Review by T. Tamara Weinstein

Jungle Laboratories: Mexican Peasants, National Projects, and the Making of the Pill

By Gabriela Soto Laveaga
Duke University Press

Professor Gabriela Soto Laveaga’s newest monograph, Jungle Laboratories, is a telling history that unravels the transnational political economy of barbasco yam production in Mexico from its discovery to its use in the early medicalization of synthetic hormonal steroids that created the birth control pill. According to Laveaga, the developing country context of the Pill’s history was so successfully erased from history that even the “peasant” culture in Oaxaca has allegedly forgotten its own crucial role in one of the past century’s most important scientific breakthroughs. Part of what Marxist theorists would call the “false consciousness” of history is revealed in this book.

Although production of synthetic hormones in Mexico predated World War I, controlling the barbasco trade in the the early to mid-1970s became a national project for the Mexican government.
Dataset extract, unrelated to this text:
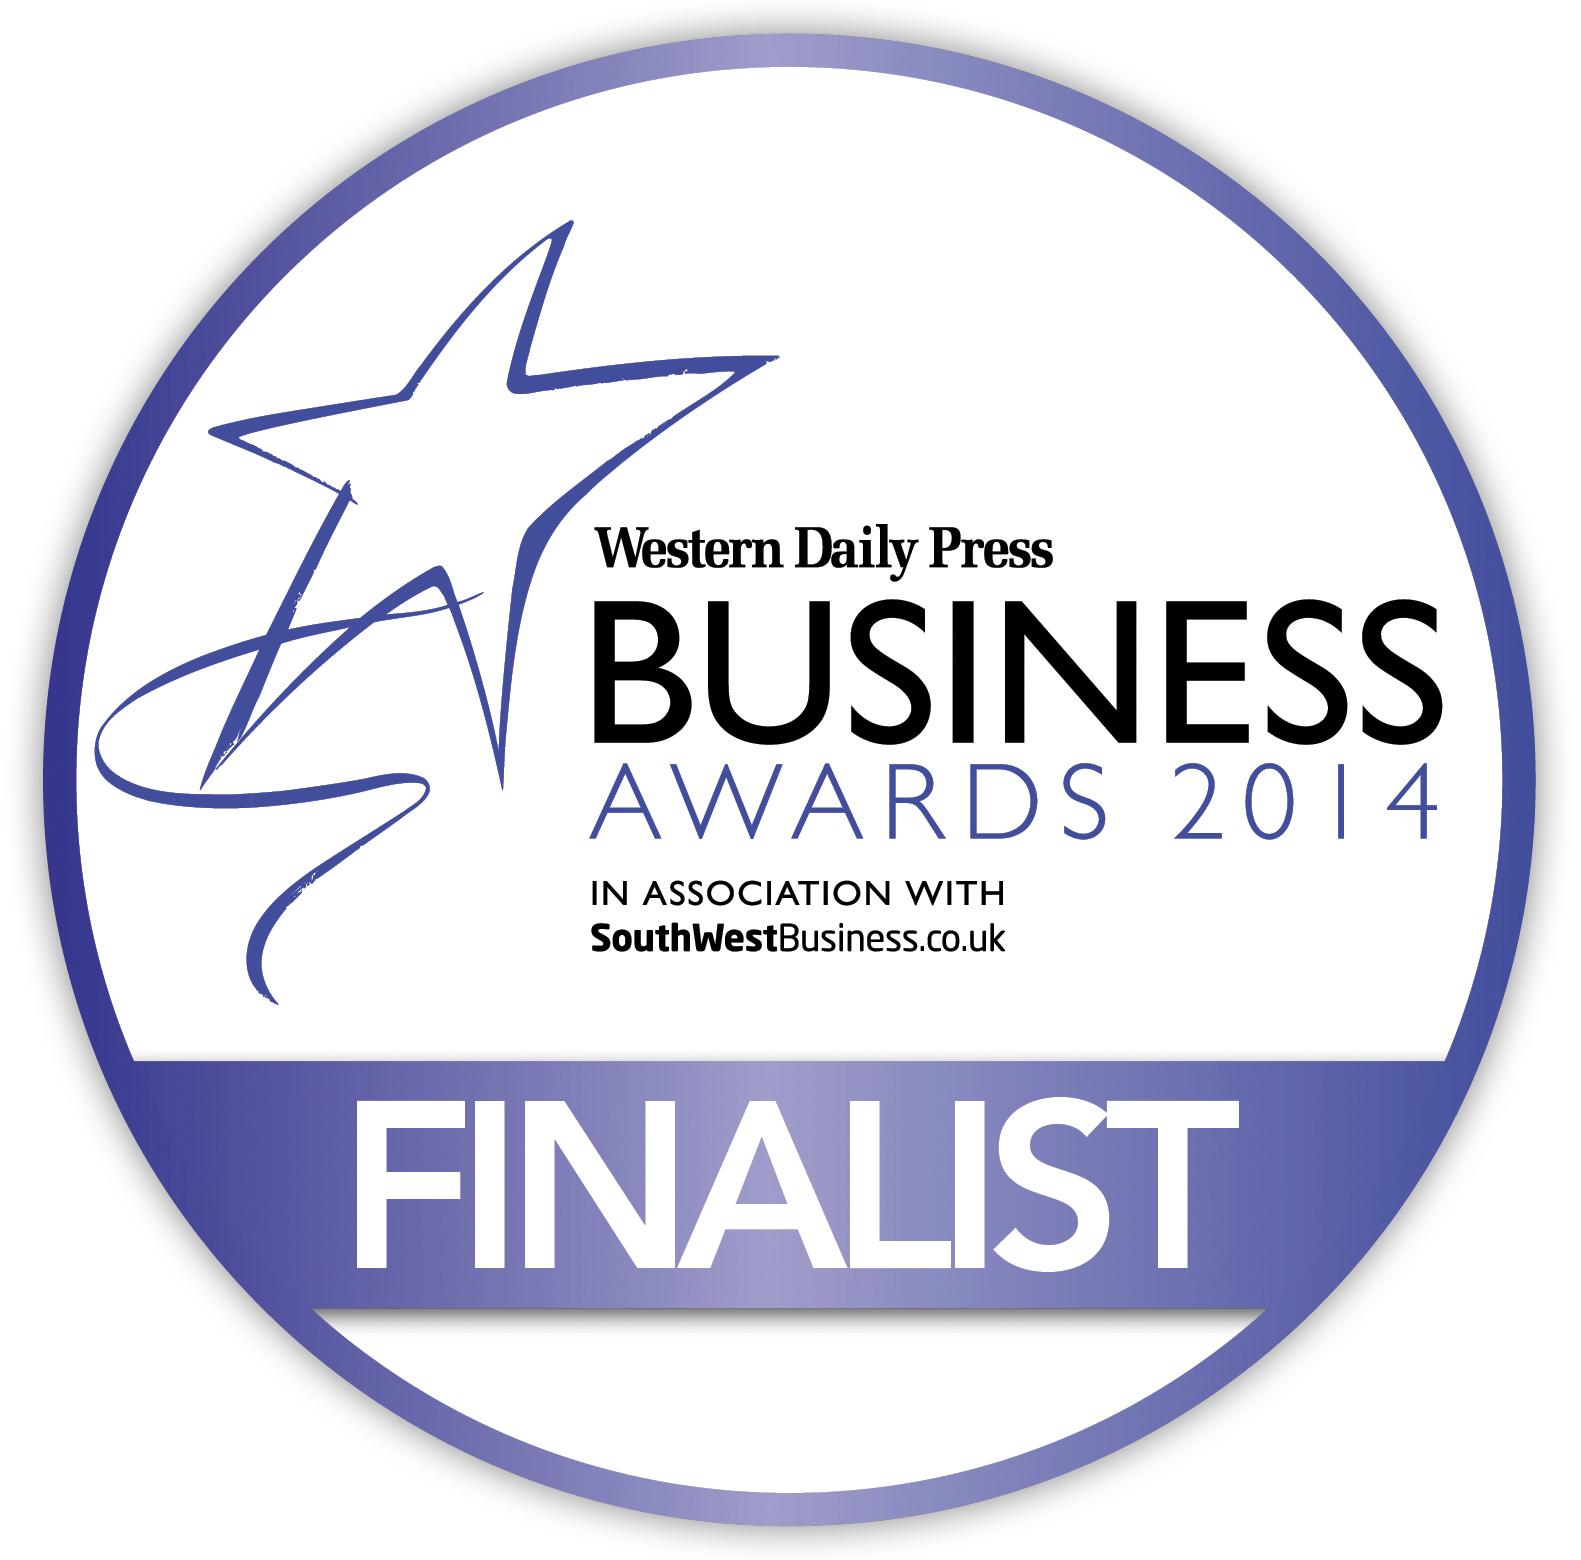 Business awards 2014
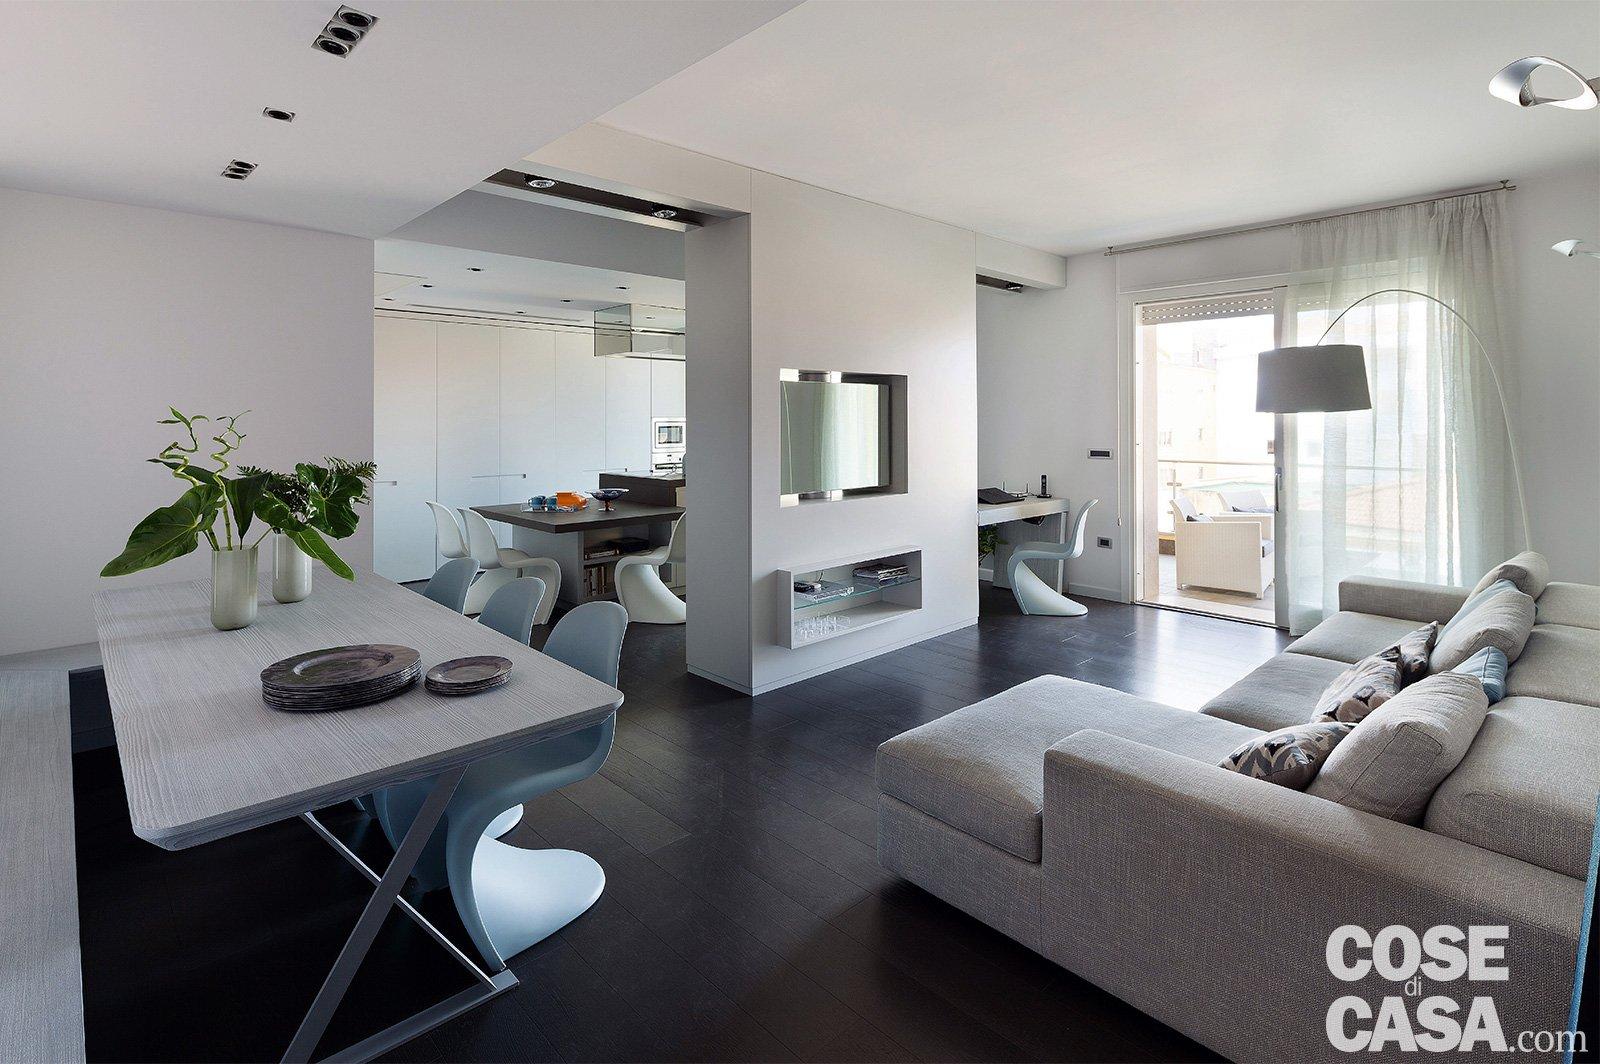 75 mq una casa con geometrie in bianco e nero cose di casa for Arredamento casa bianco

After reading Jungle Laboratories, I got the sense that “making the pill” was part of a larger initiative of “making a nation” consisting of “biocitizens” who were not just part of elite scientific knowledge production but were also expected to self-regulate their own population growth as part of President Luis Echeverría’s vision of a new Mexico.

While women were targeted for birth control campaigns, “male campesinos were encouraged to read agrarian law and technical manuals to become better and more productive citizens.” It is clear from these examples that women were positioned as part of the "population problem" to be acted upon by policies, whereas men were seen as the future policymakers and the population empowered by educational campaigns. Although the author could have written a feminist analysis of the nationalist projects, she did not; this is my own feminist reading taken from separate examples in the text that were separated by almost a hundred pages in Laveaga's book.

In general, Laveaga could have drawn out more of a critical analysis. The introduction gave an anthropologist like me high hopes for the inclusion of social theories ranging from Nikolas Rose’s biocitizenship to Michael Taussig’s theories on the layering of history and the magic of the state. However, with the exception of a couple of mentions, the theoretical underpinnings to this story were almost invisible. Given its gripping narrative, and implications for social theories pulled from elsewhere, Laveaga’s book is a good buy for an undergraduate curriculum such as reproductive health and medical anthropology. It is also an engaging read for women who are curious about the political economy of the pills they are popping on a daily basis.